For the entries below, the result should be an exact transcription of the lines from the one with "Edwardian Sapphire Diamond and Pearl Pendant" up to and including the one with "ABCs Terry Moran", and only those.

Entries shown -
# # # # #

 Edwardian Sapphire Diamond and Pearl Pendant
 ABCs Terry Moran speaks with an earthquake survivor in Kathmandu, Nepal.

# # # # #

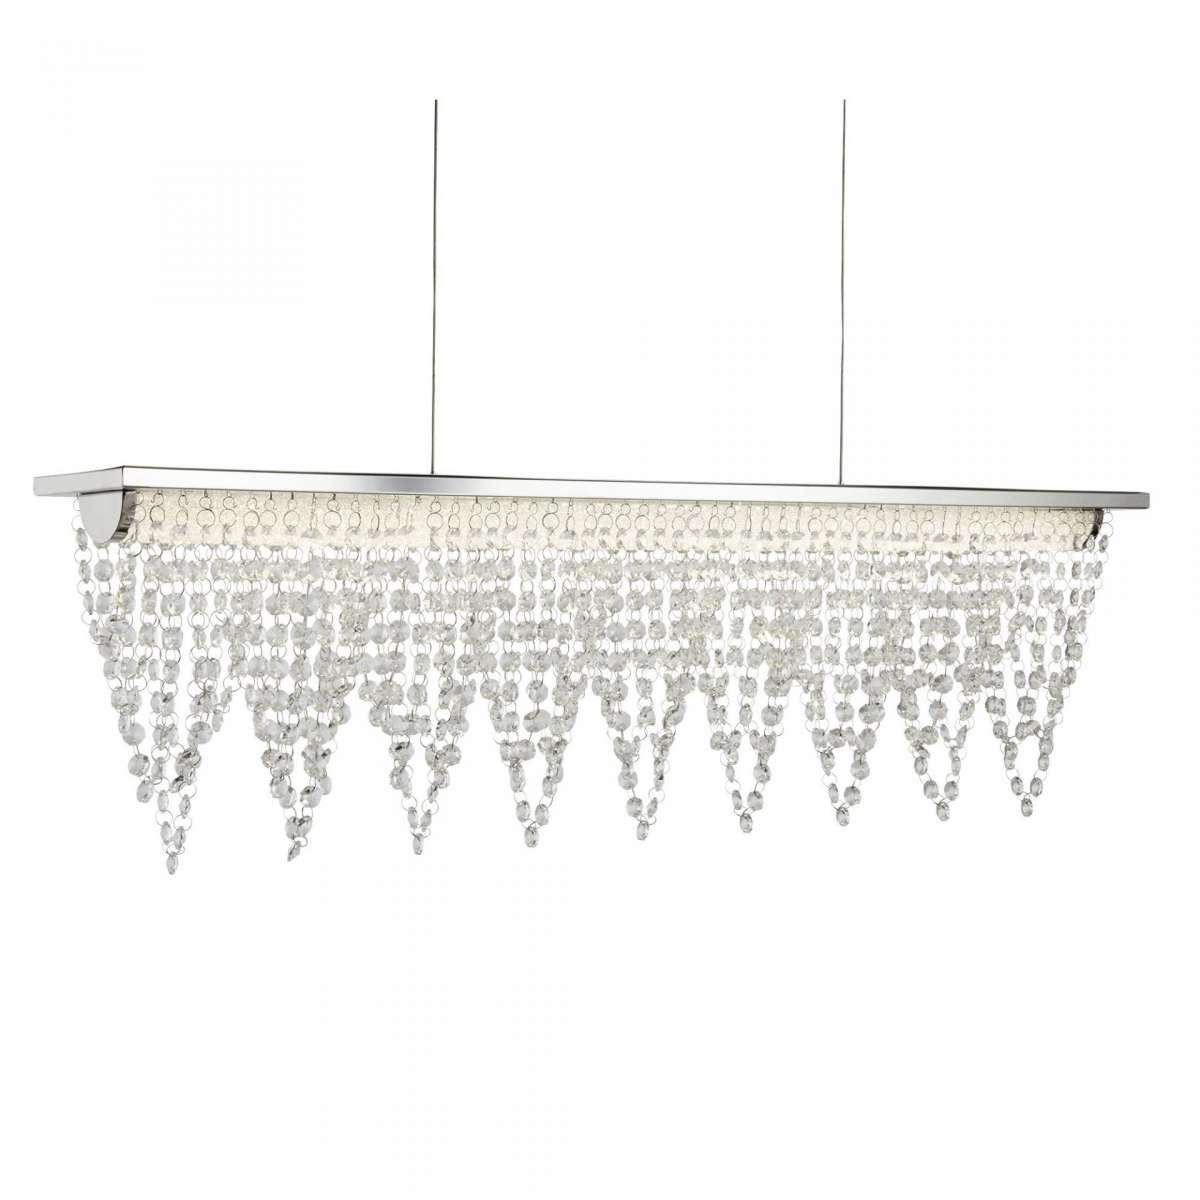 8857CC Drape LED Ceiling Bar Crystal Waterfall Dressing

# # # # #

Written solution -
 Edwardian Sapphire Diamond and Pearl Pendant
 ABCs Terry Moran speaks with an earthquake survivor in Kathmandu, Nepal.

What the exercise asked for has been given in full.